Thursday, May 31, 2012

Building up the soil for October Planting

A few days ago, we plowed winter rye under in a patch of old hayfield.  This ground has been hayed for two decades without a lot of TLC, and for us to ready it for our October garlic planting, we've gotta make up for lost time!

After plowing and discing it last fall, we planted it with winter rye, a cheap and easy way to stop winter soil erosion (came in handy over this windy, dry winter!), add organic material to the soil, and keep out weeds.  Rye secretes a natural herbicide out of it's roots, inhibiting other plants from growing - it really is a farmers best friend.

Because of that natural herbicide, however, we've got to wait two weeks from plowing it under for the 'poison' to dissipate before we plant anything else.  We'll be planting a mix of yellow blossom clover and red clover, two excellent nitrogen fixers to help enrich the soil.

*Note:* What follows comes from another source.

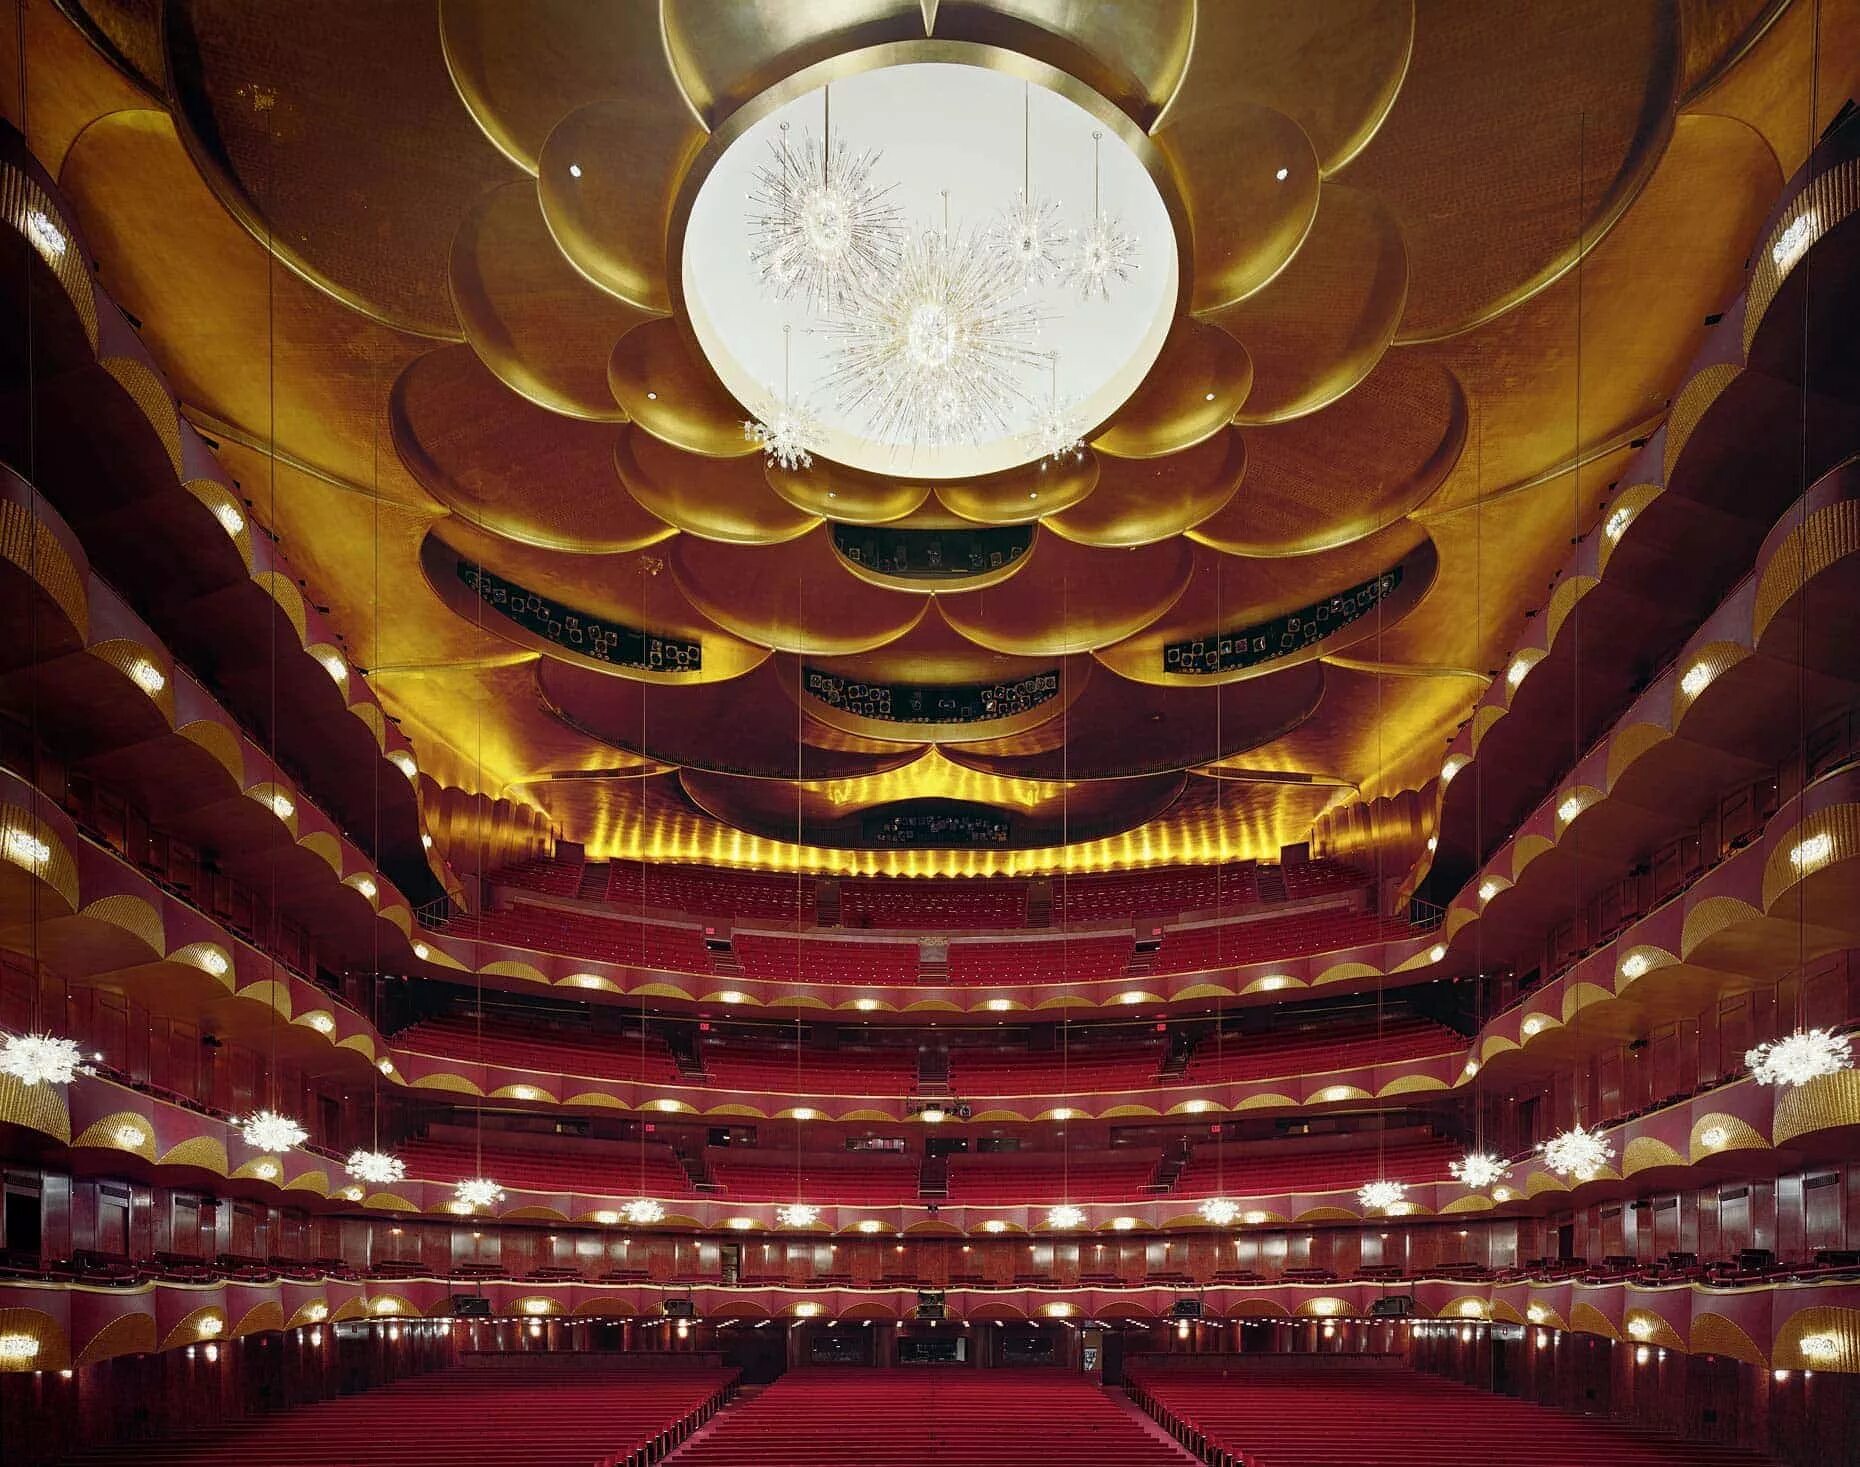 Метрополитен-опера, Нью-Йорк, США. The Metropolitan Opera House Нью-Йорк США. Метрополитен опера в Нью-Йорке зал. Метрополитен опера театр. Всемирно известные театры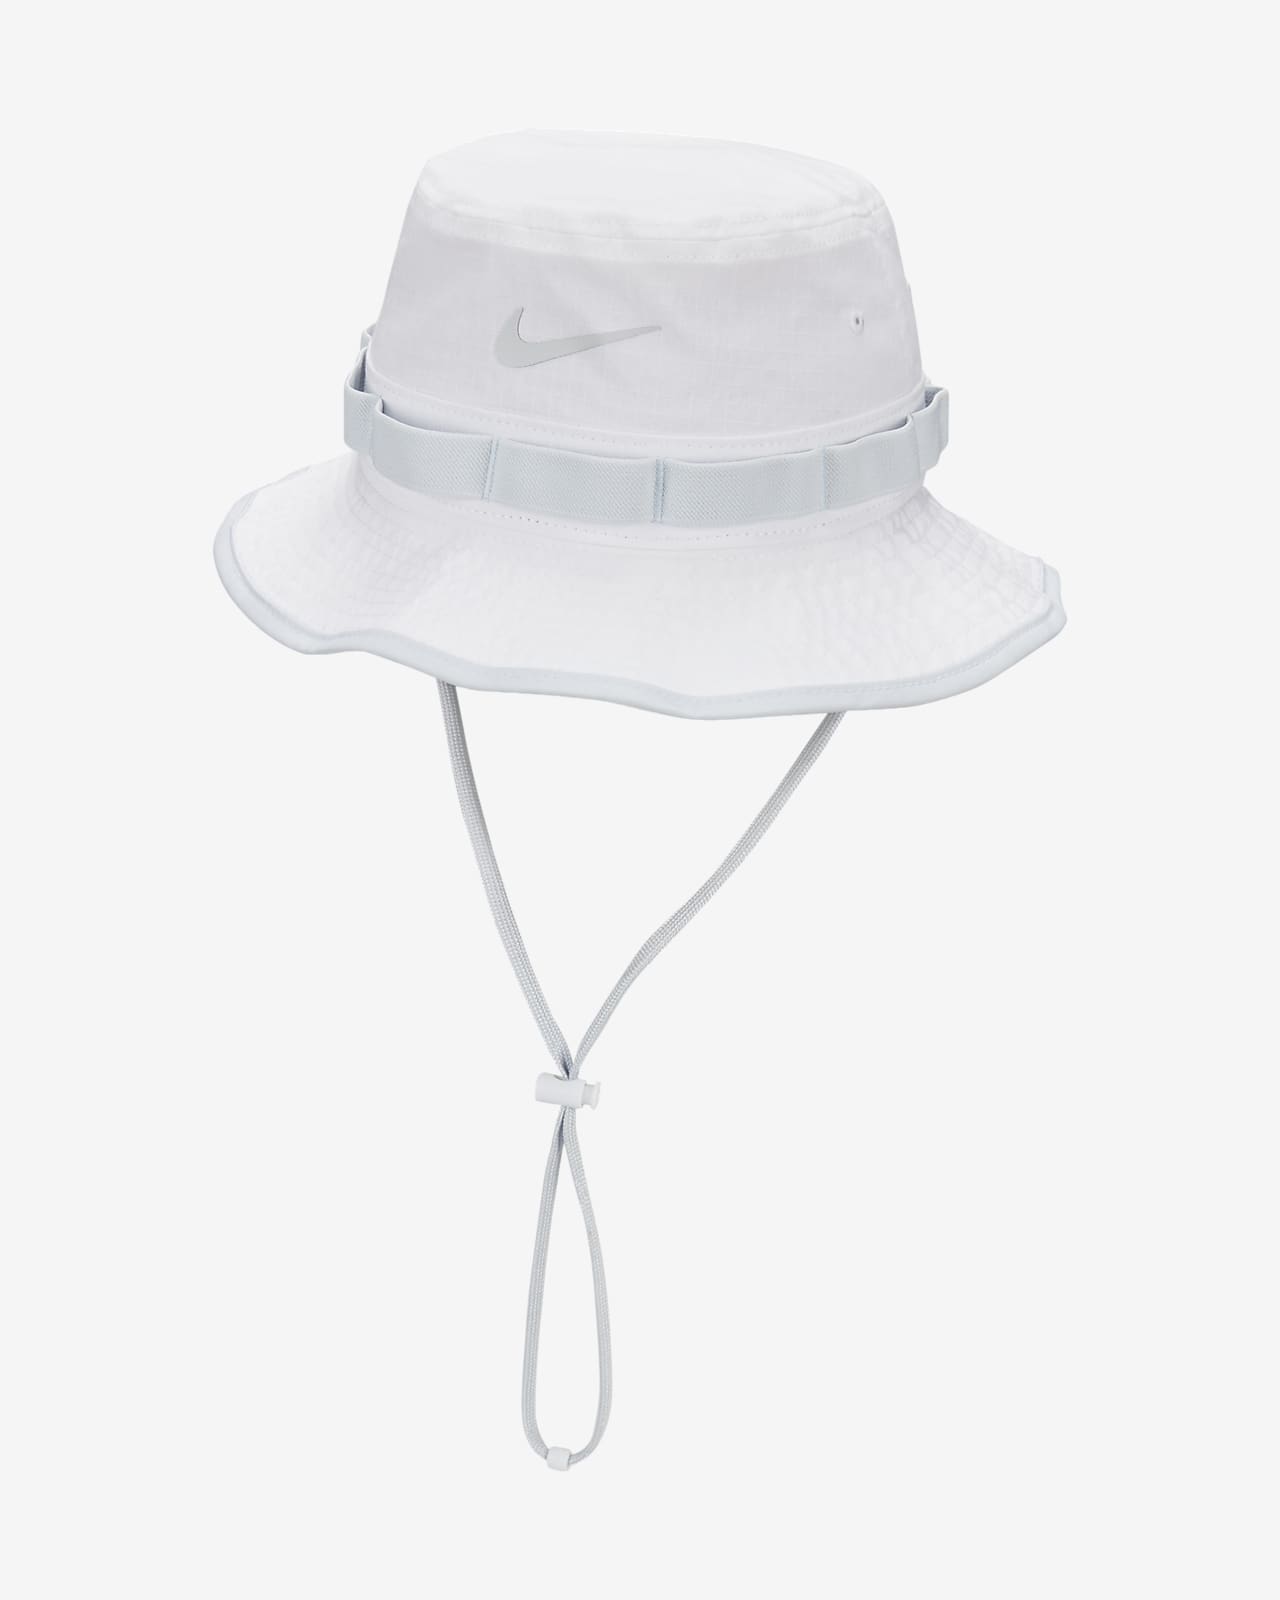 Nike Dri-FIT Apex Bucket Hat.

Yellow blossom clover grows tall and fast, perfect for adding extra organic matter into the soil when it gets tilled under.  So we'll approximate how much space we need this october and plant it exclusively with yellow clover.  The problem with yellow clover, though, is that it isn't very hardy - a cold, dry winter like the one we just had would have killed it off.  So for the rest of the garlic patch, we'll lean on a heavier red clover mix, which can take our brutal Minnesota winters and bounce back in spring, fixing even more nitrogen in the soil.

Crop rotation is very important with garlic, especially organically grown.  Viruses and nematodes can live in the soil for years; a five-year rotation helps keep those pests at bay.

I'll publish another post when we plant the clover - hopefully by then all this rainwater will have dried up.  Talk to ya soon!